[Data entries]
----

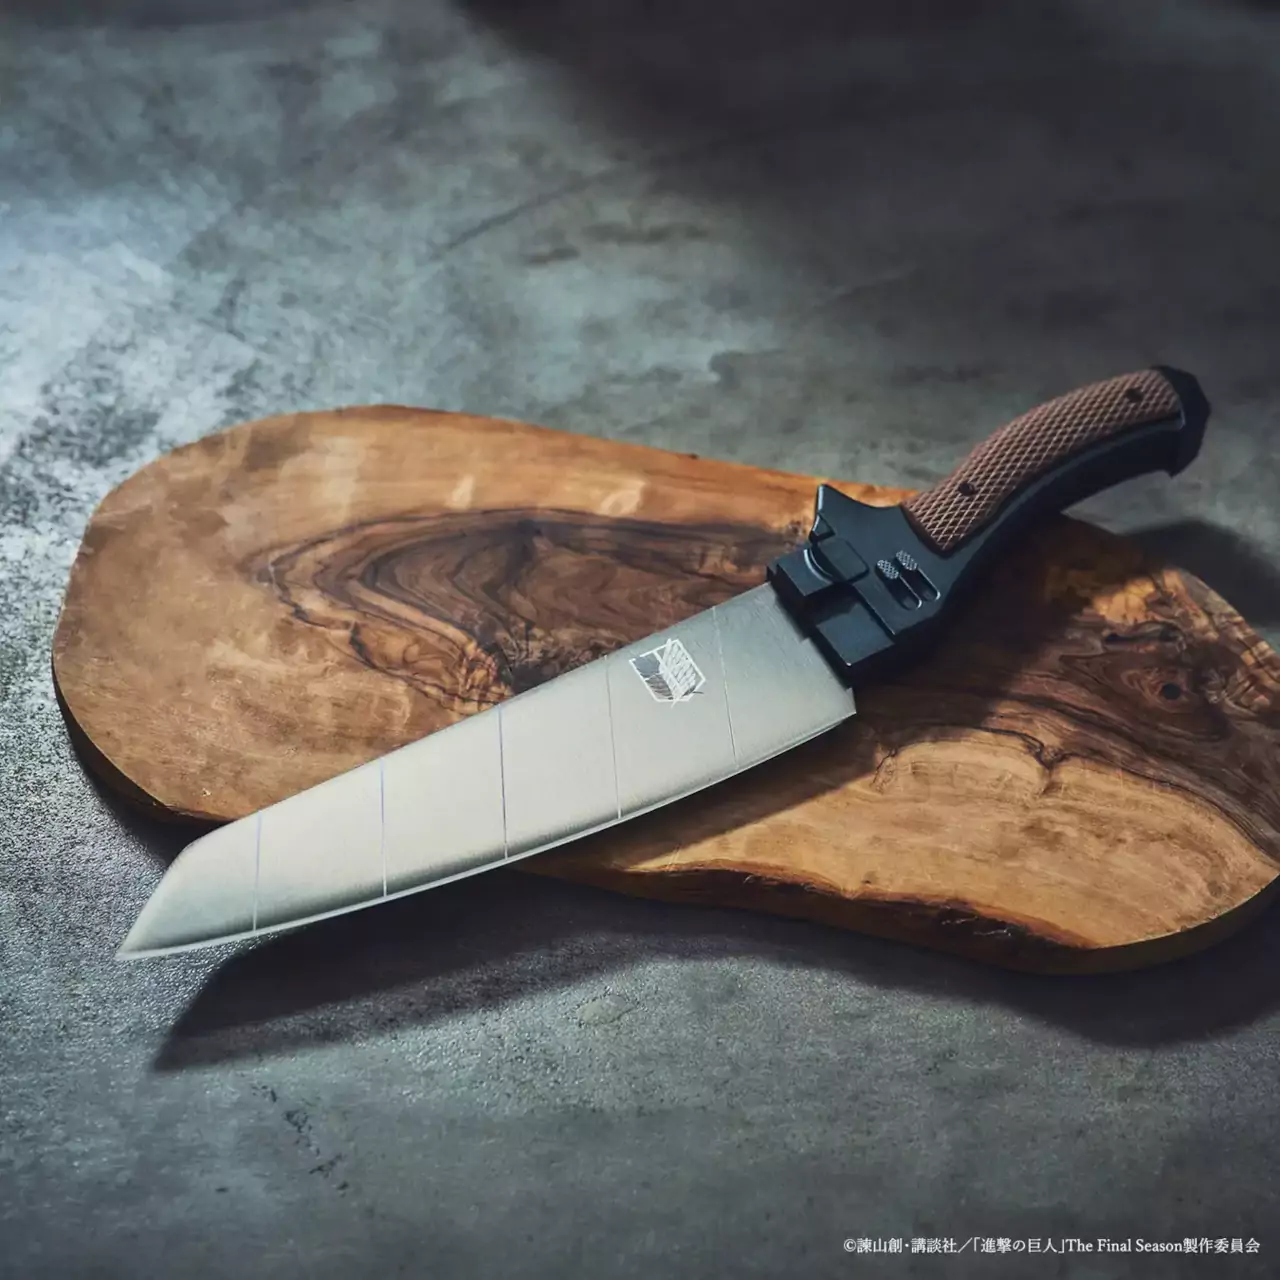 Attack on Titan: Vuélvete en un miembro de las Survey Corps con este cuchillo de cocina oficial
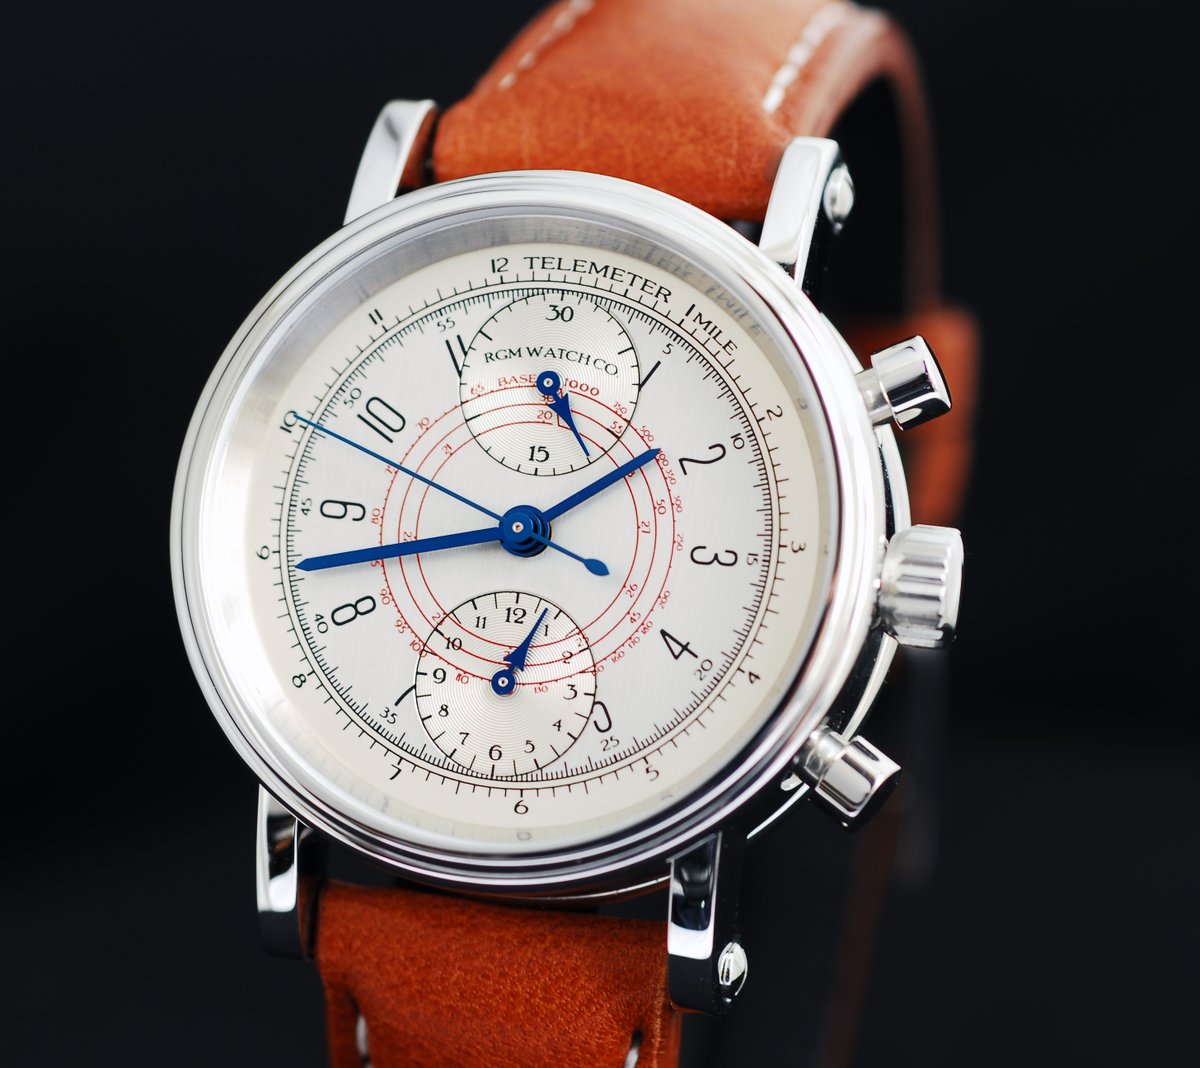 RGM Model 455-R Chronograph.

#rgmwatchco #rgmwatches #rgmwatch #watch #watches #wristwatch #wristwatches #watchmaking #watchmaker #independentwatchmaking #independentwatchmaker
#chronographwatch #chronographwatches
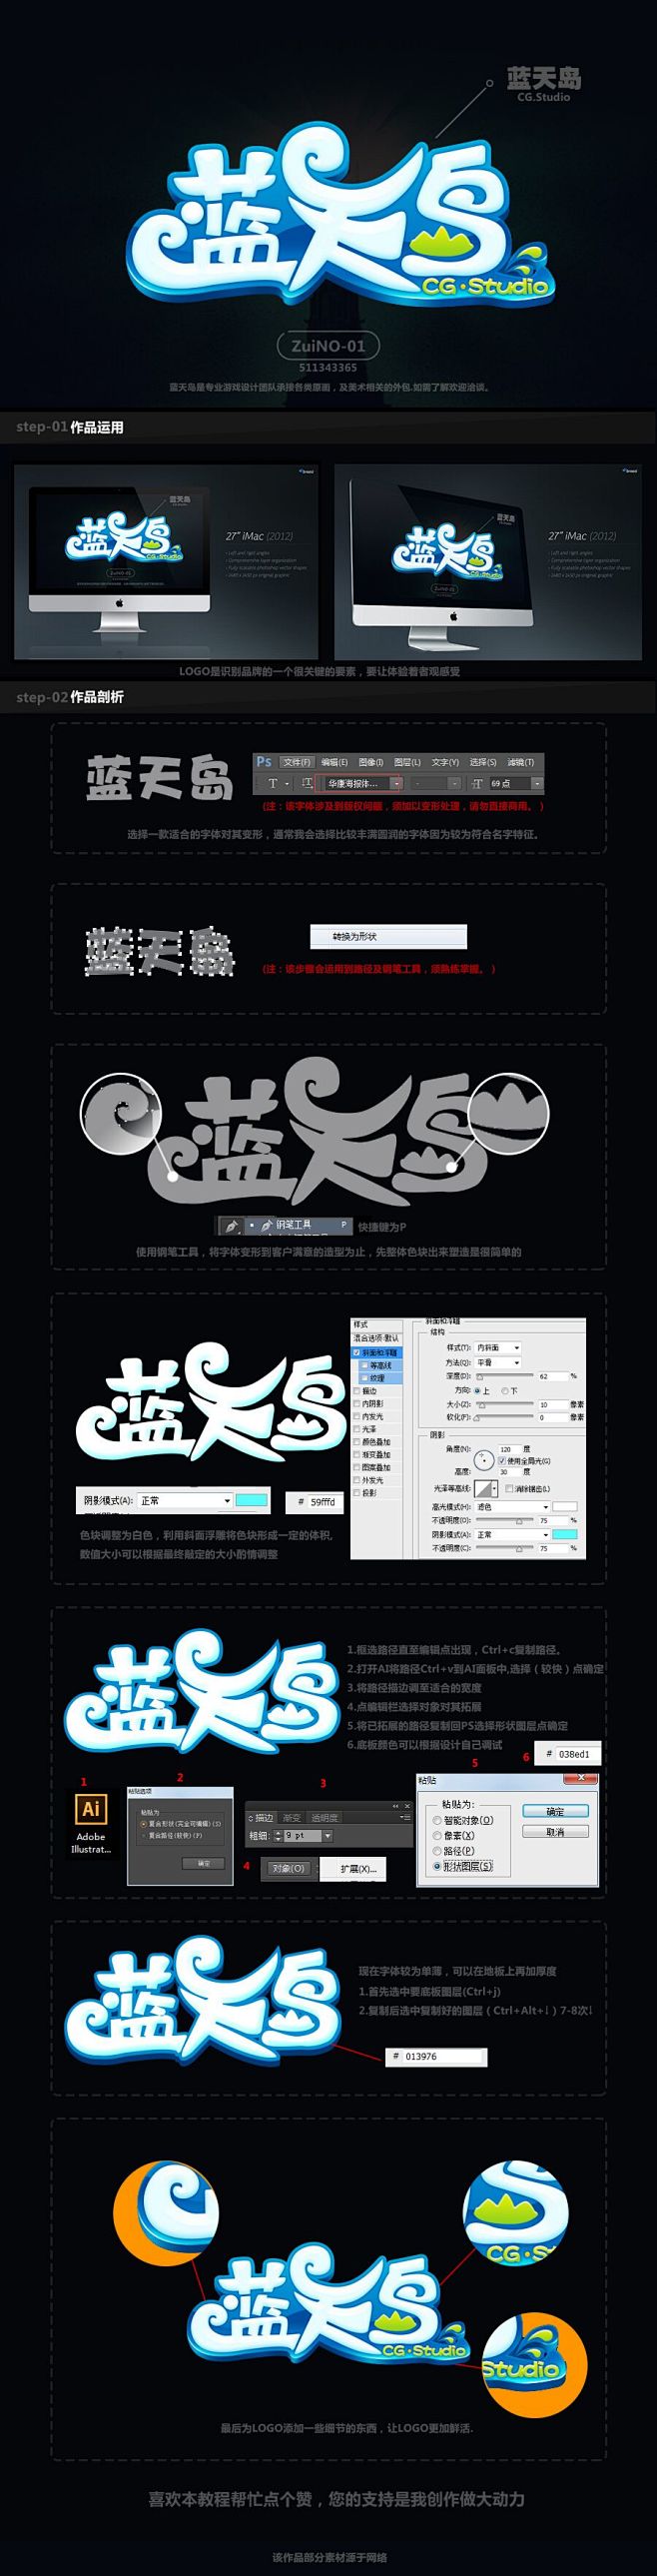 蓝天岛LOGO字体设计分享 |GAMEU...

----

[What the task asks]
An exact copy of the records above is required, leaving out the pictures.

[Answer to this problem]
 Attack on Titan: Vuélvete en un miembro de las Survey Corps con este cuchillo de cocina oficial
 RGM Model 455-R Chronograph.

#rgmwatchco #rgmwatches #rgmwatch #watch #watches #wristwatch #wristwatches #watchmaking #watchmaker #independentwatchmaking #independentwatchmaker
#chronographwatch #chronographwatches
 蓝天岛LOGO字体设计分享 |GAMEU...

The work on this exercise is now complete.